Recently, after about 70 hours of playing, which lasted for three months with all my life commitments and other games, I finally finished the game. I return from the hill with wisdom and commandments - play this game, and finish it! The gambit system works like a single-player MMO, which is what it was intended for - you still control the entire party, but with gambits, which are a kind of programming mini-game, you actually delegate decisions in battles to the AI. Manual controls still take priority, but for 99% of fights and decisions, the gambit system takes care of clicking and scrolling for every Potion and Phoenix Down. Throughout all 70 hours, I enjoyed arranging gambits almost more than the fights themselves. A classic case of spending an hour optimizing a 5-second action. But it's fun, trust me.

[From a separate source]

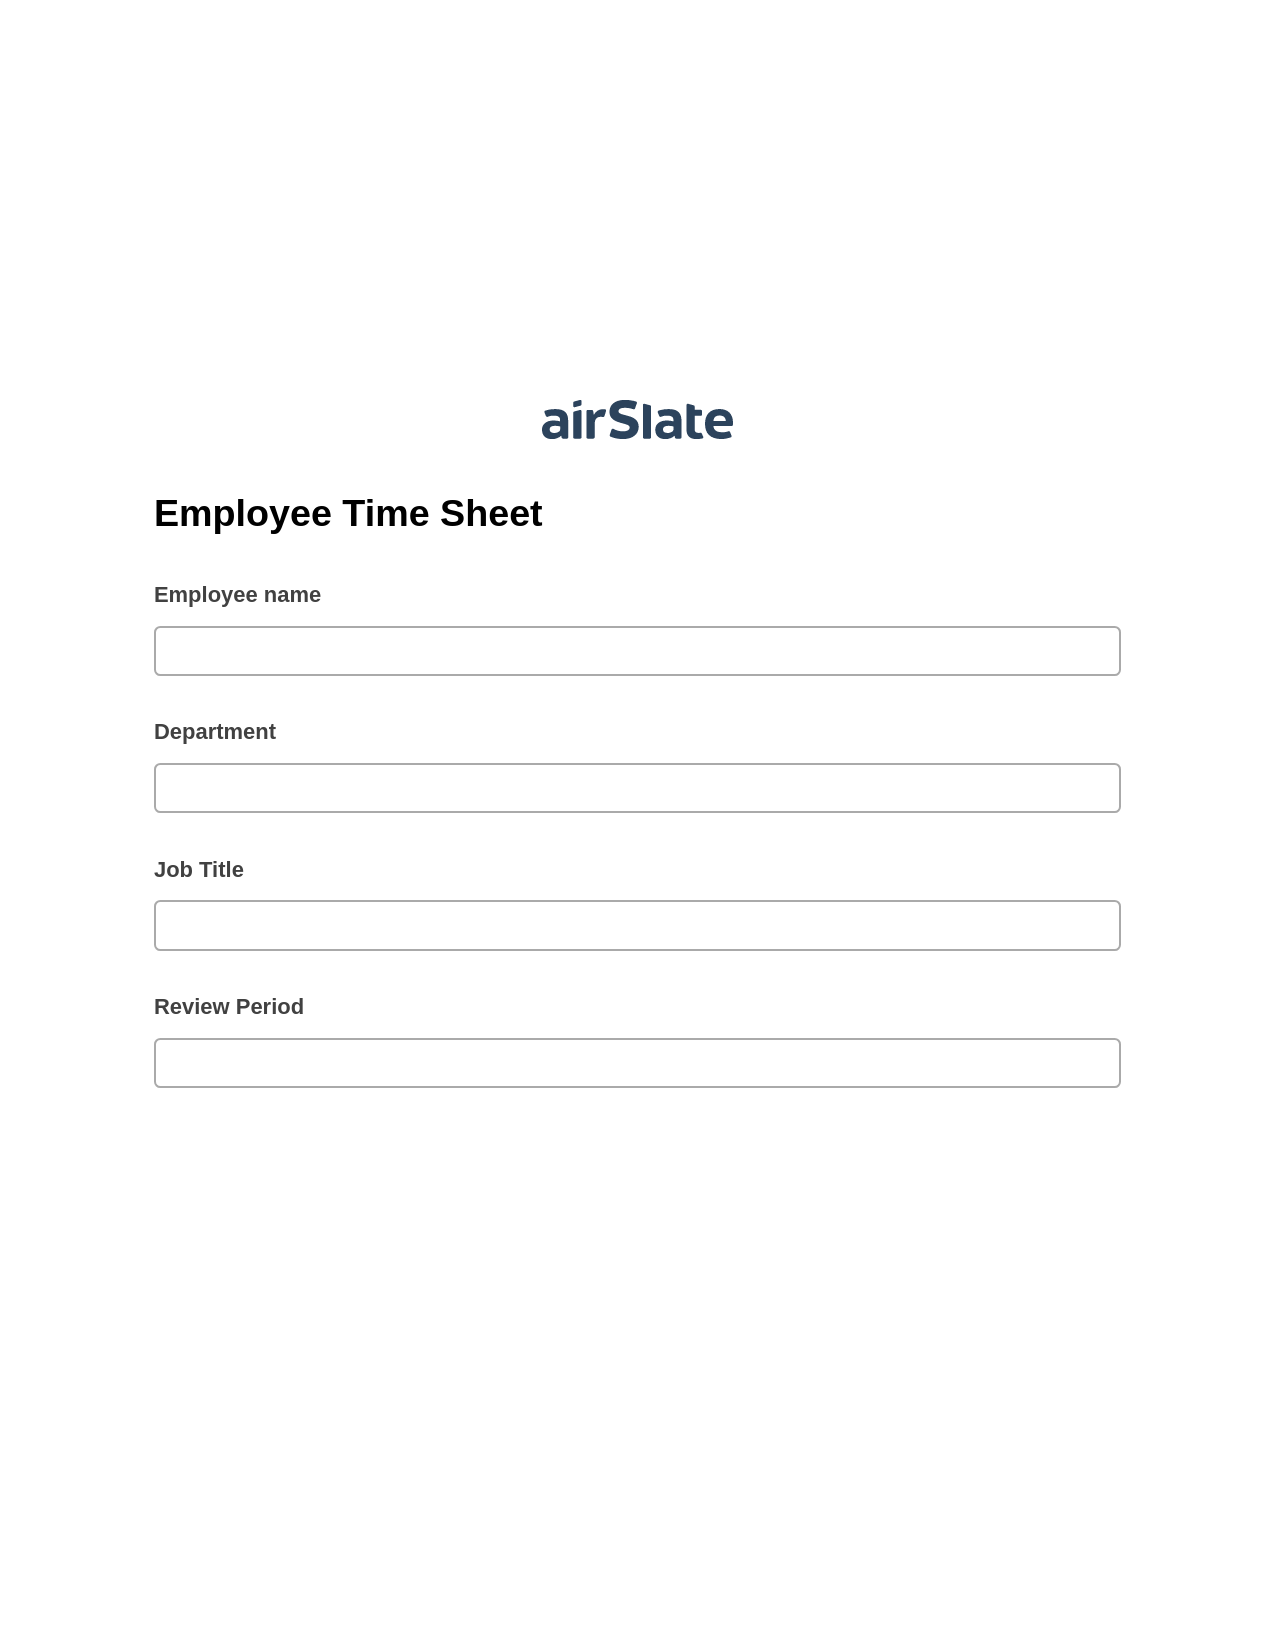 Employee Time Sheet Pre-fill from CSV File Bot, Rename Slate Bot, Archive to OneDrive Bot
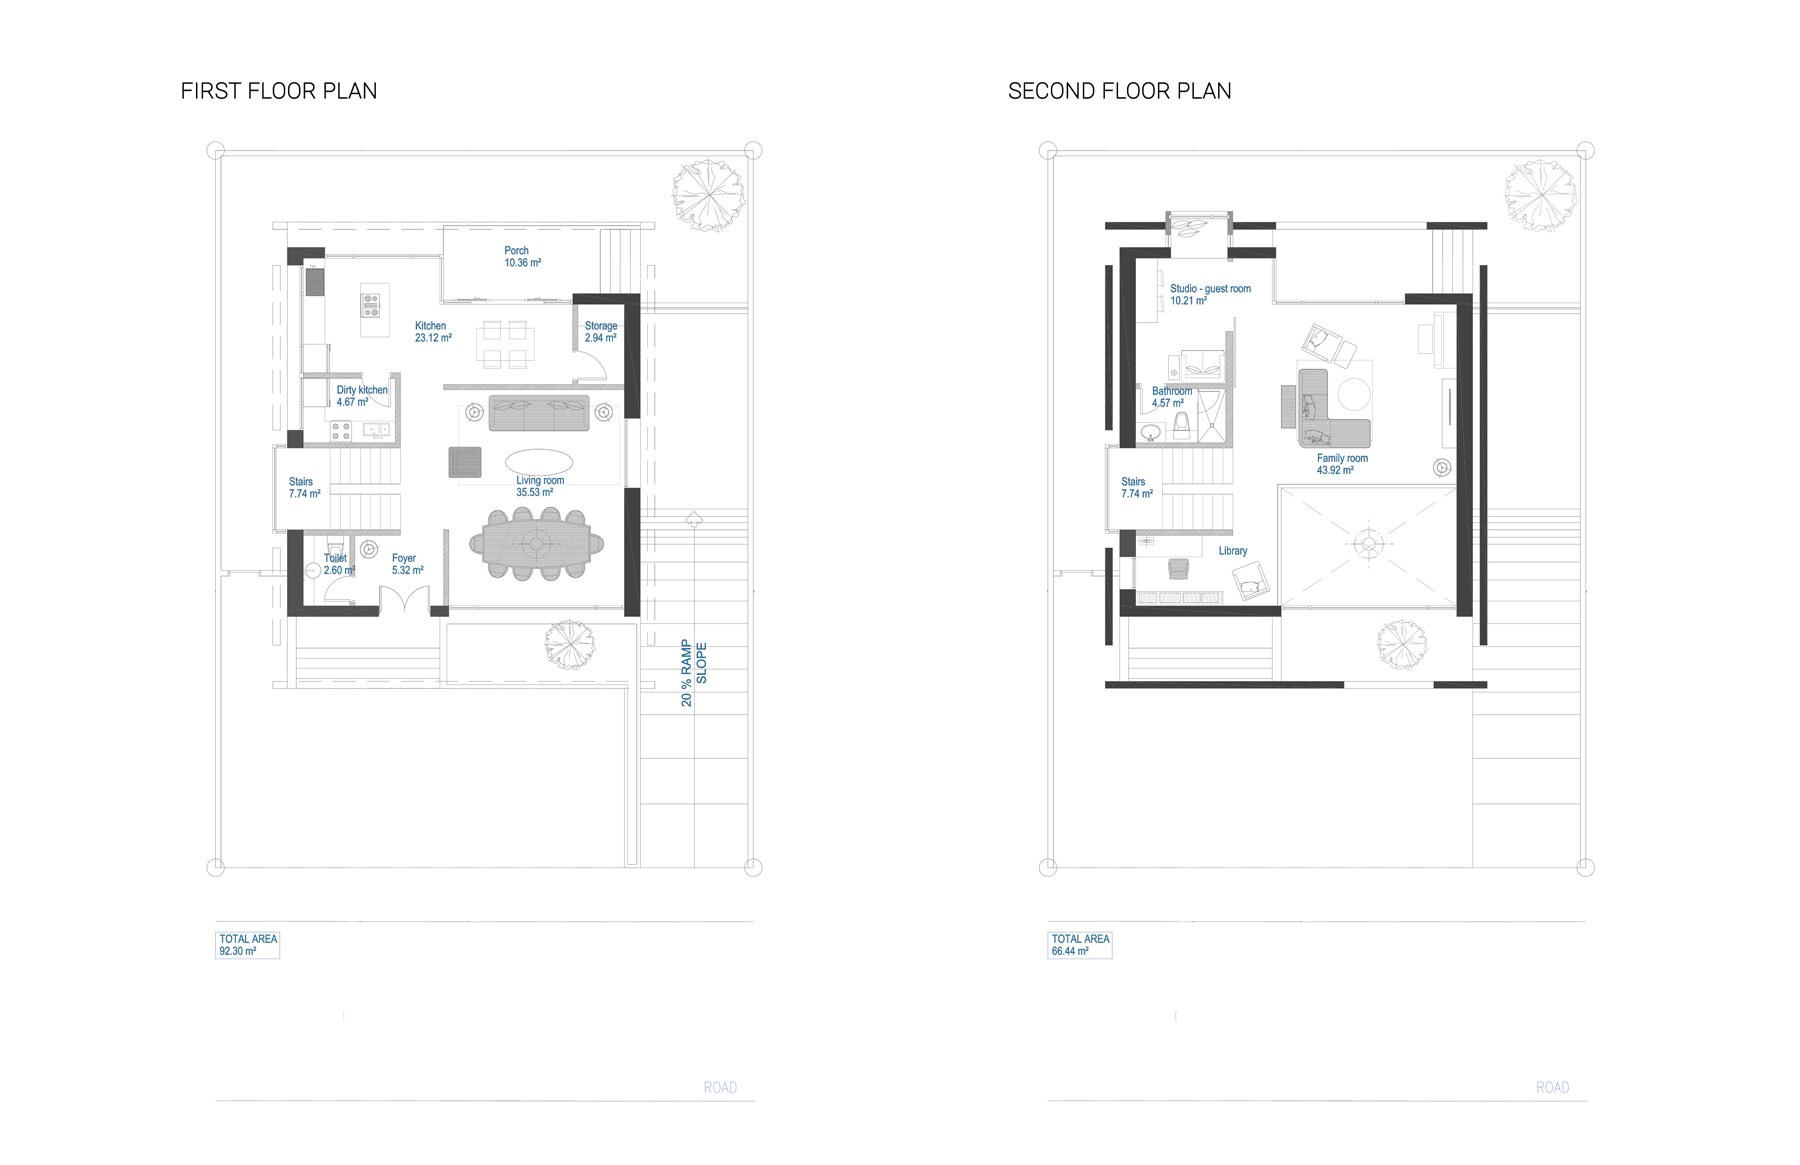 Floor Plans of the 4-Walls Residence that features a modern and minimalist style of architecture for a small family in Alabang, Manila Philippines. The house design initially takes the proportions of a cube.

As for the story, it's a JRPG and a Final Fantasy. A ragtag man from the favela, after a hundred level ups, finally kills God. However, FFXII also has a lot of political intrigue and moral dilemmas. The theme itself is perhaps the most mature JRPG up to that point. If you don't forget the complete story lost in . You either love the art direction or you hate it, which also applies to the soundtrack and music in the game.

Personally, XII is not at the level of VII, IX or X in terms of sound, but it is not far off either. At least as far as voice acting is concerned, XII is near the top - at least compared to releases that had voice acting at all. I highly recommend the game if you're at all a fan of a good JRPG, even if you're not nostalgic for Final Fantasy XII: The Zodiac Age. The game is good enough on its own.